### DESCRIPTION OF THE TASK
Reproduce the listing below exactly, except for its pictures.

### STORED DATA
========================

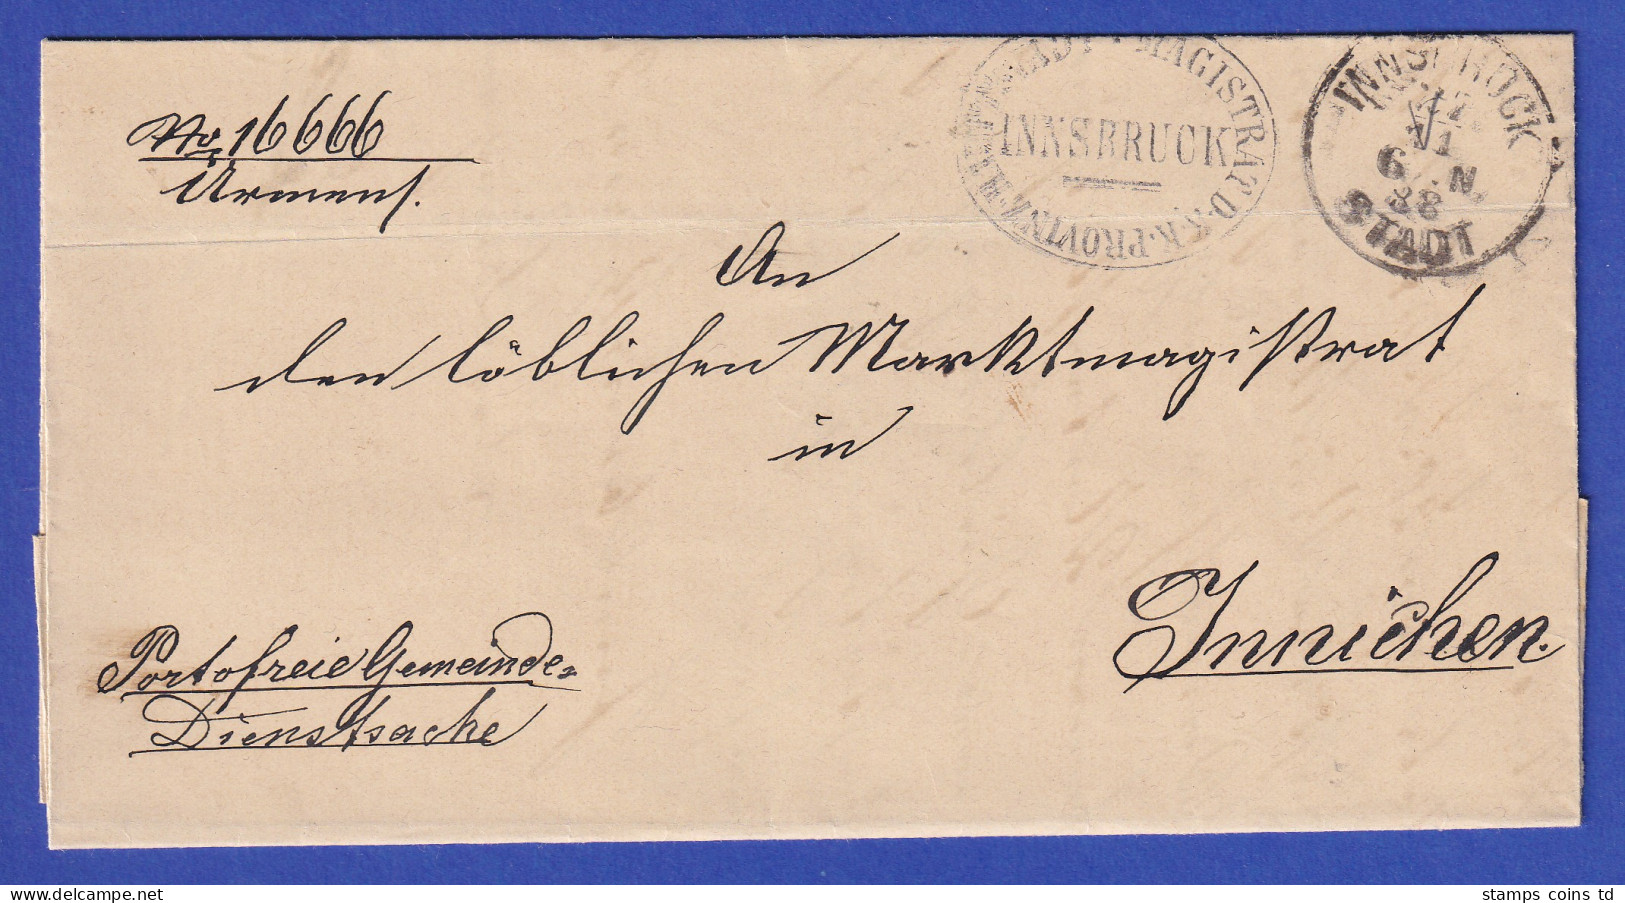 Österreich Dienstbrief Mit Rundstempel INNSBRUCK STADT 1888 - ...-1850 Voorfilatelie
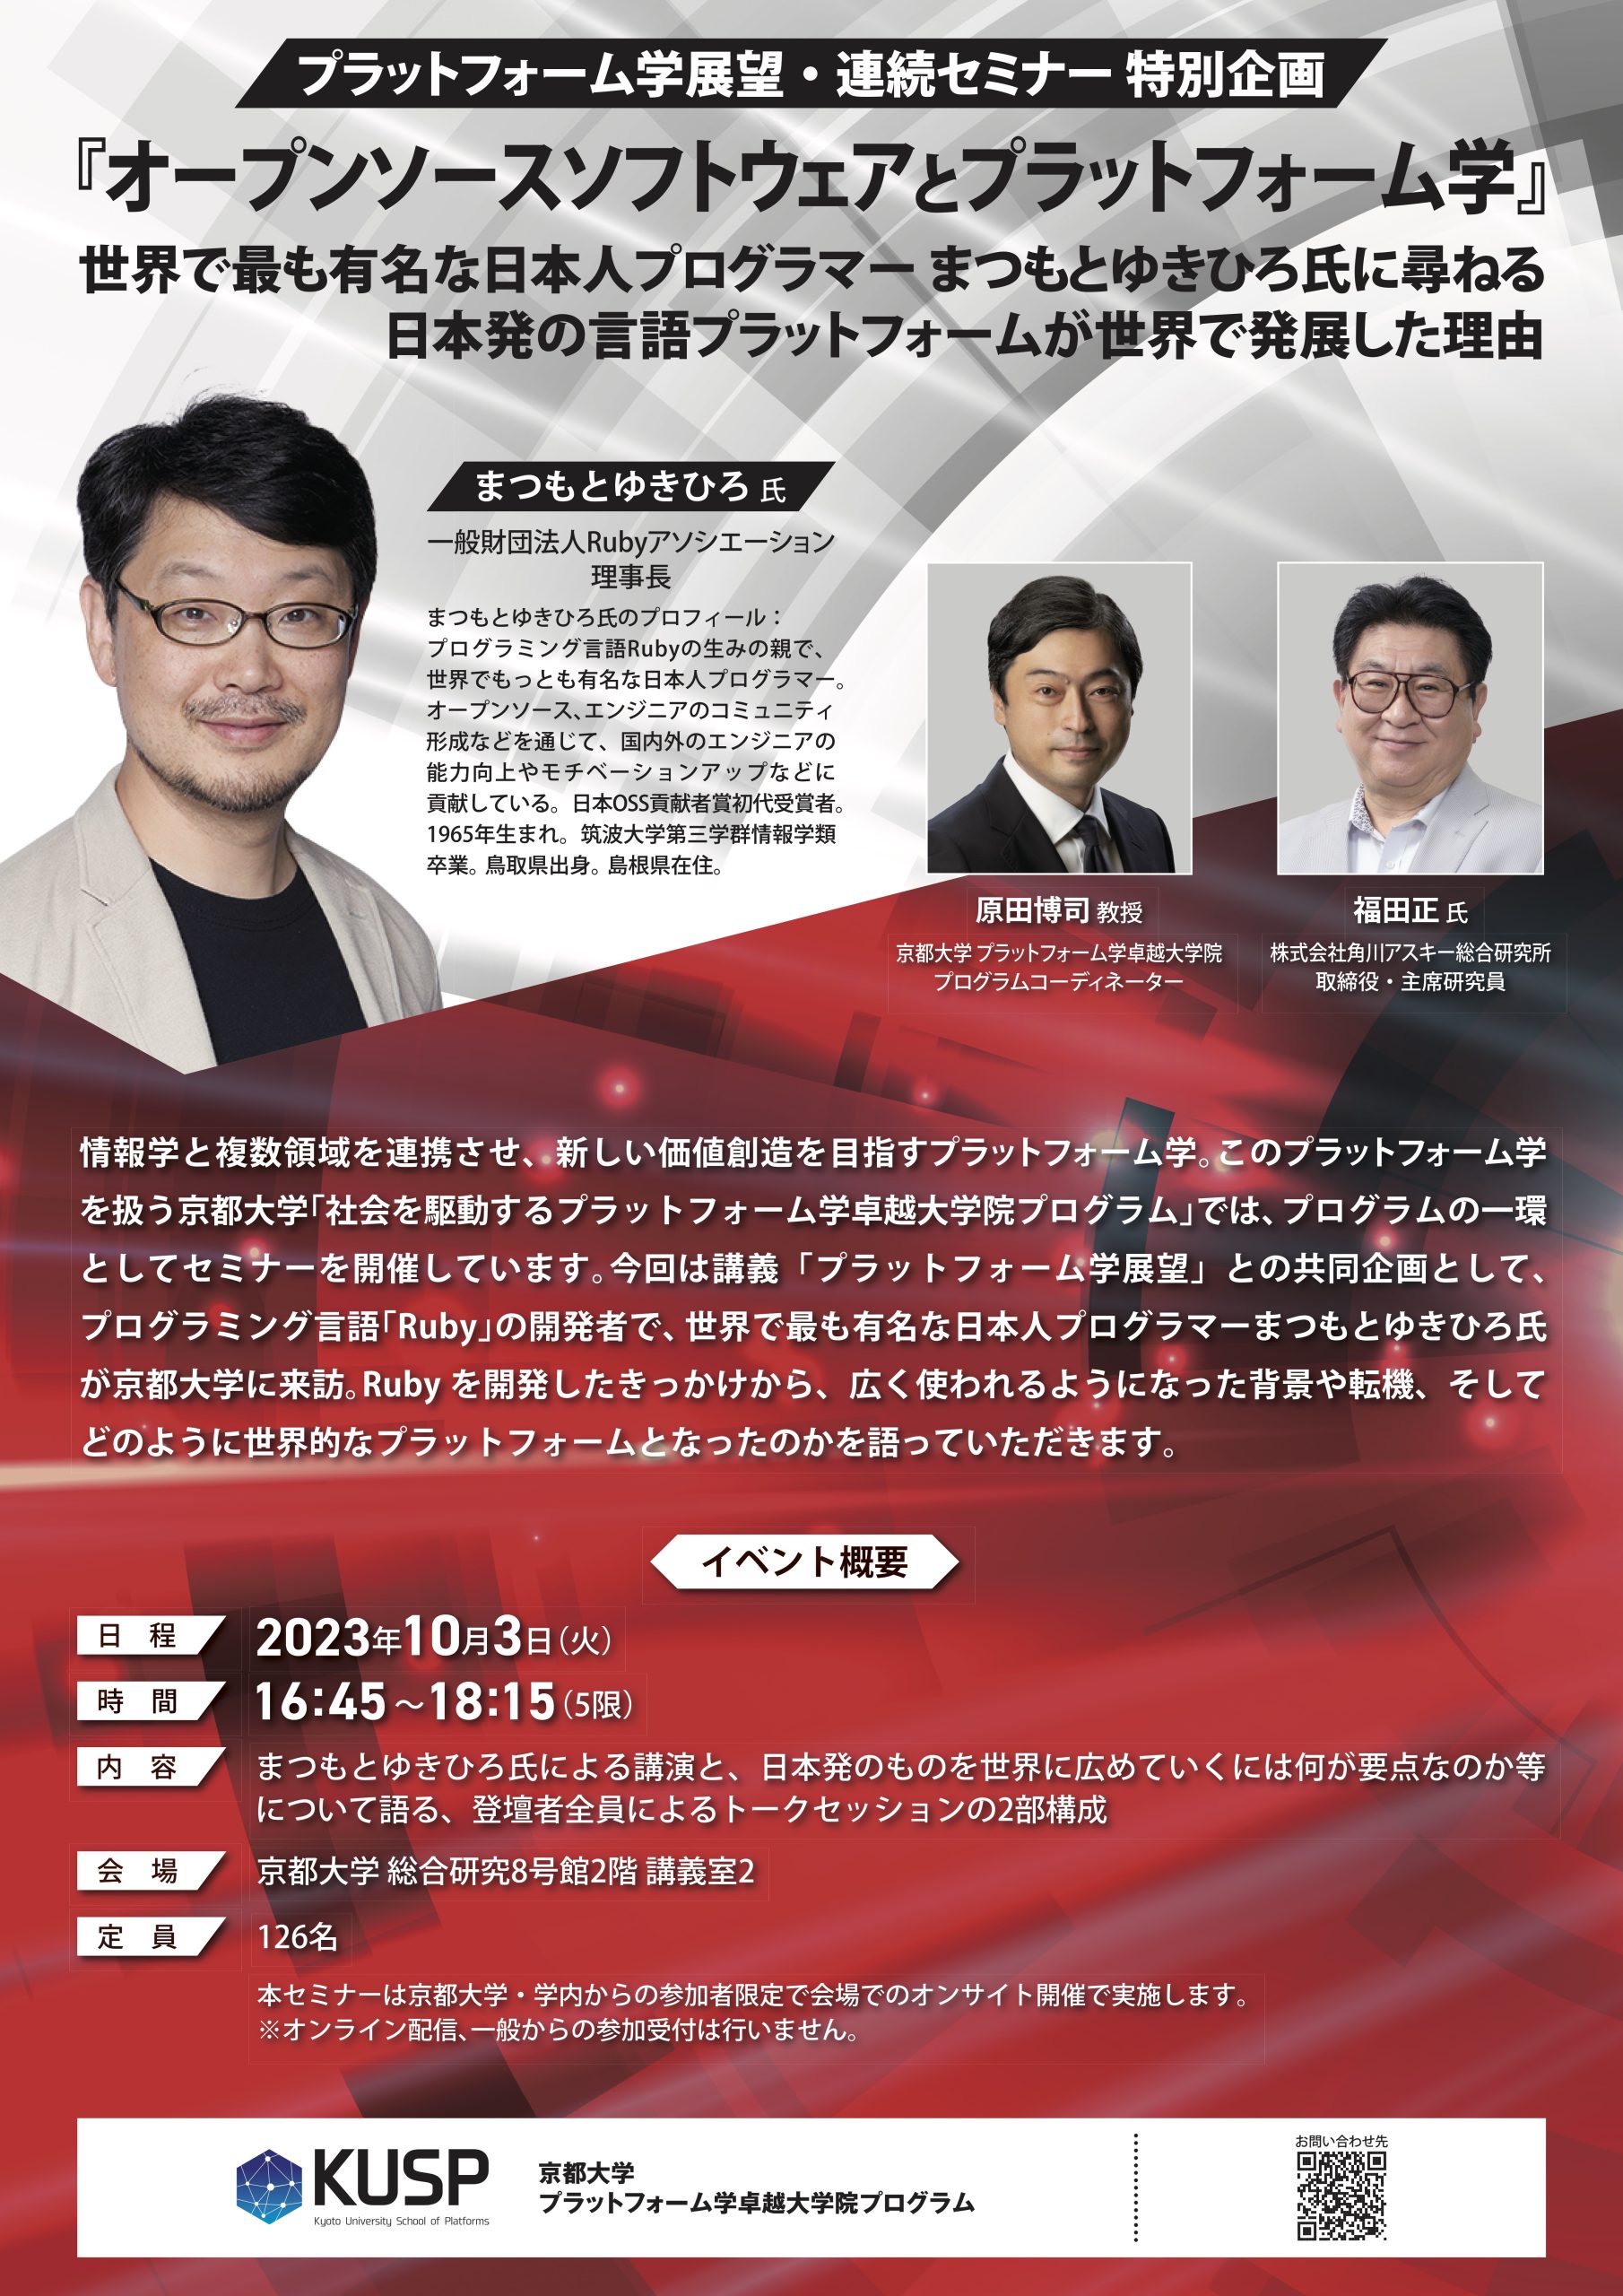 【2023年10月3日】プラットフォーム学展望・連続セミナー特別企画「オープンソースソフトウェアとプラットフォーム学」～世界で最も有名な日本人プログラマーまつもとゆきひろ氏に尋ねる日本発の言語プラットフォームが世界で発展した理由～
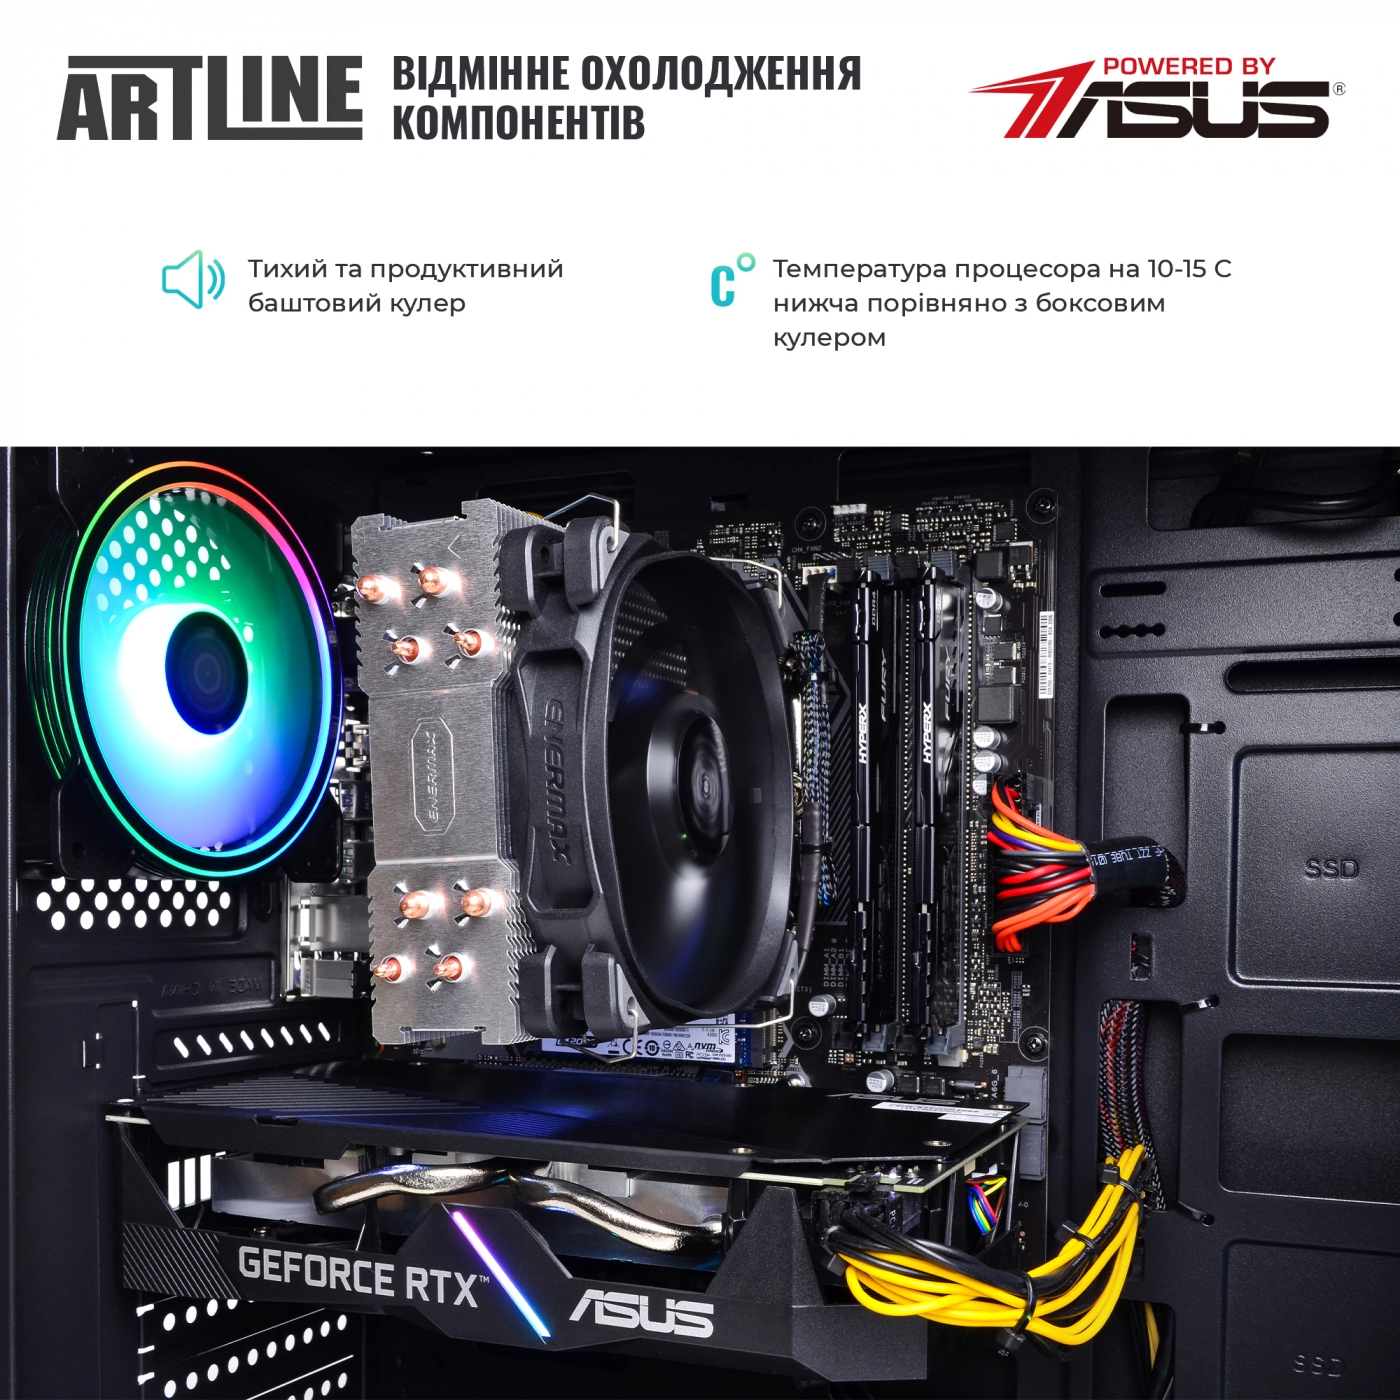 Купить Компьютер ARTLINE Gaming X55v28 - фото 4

========================

### ANSWER TO THE EXERCISE
 Österreich Dienstbrief Mit Rundstempel INNSBRUCK STADT 1888 - ...-1850 Voorfilatelie
 【2023年10月3日】プラットフォーム学展望・連続セミナー特別企画「オープンソースソフトウェアとプラットフォーム学」～世界で最も有名な日本人プログラマーまつもとゆきひろ氏に尋ねる日本発の言語プラットフォームが世界で発展した理由～
 Купить Компьютер ARTLINE Gaming X55v28 - фото 4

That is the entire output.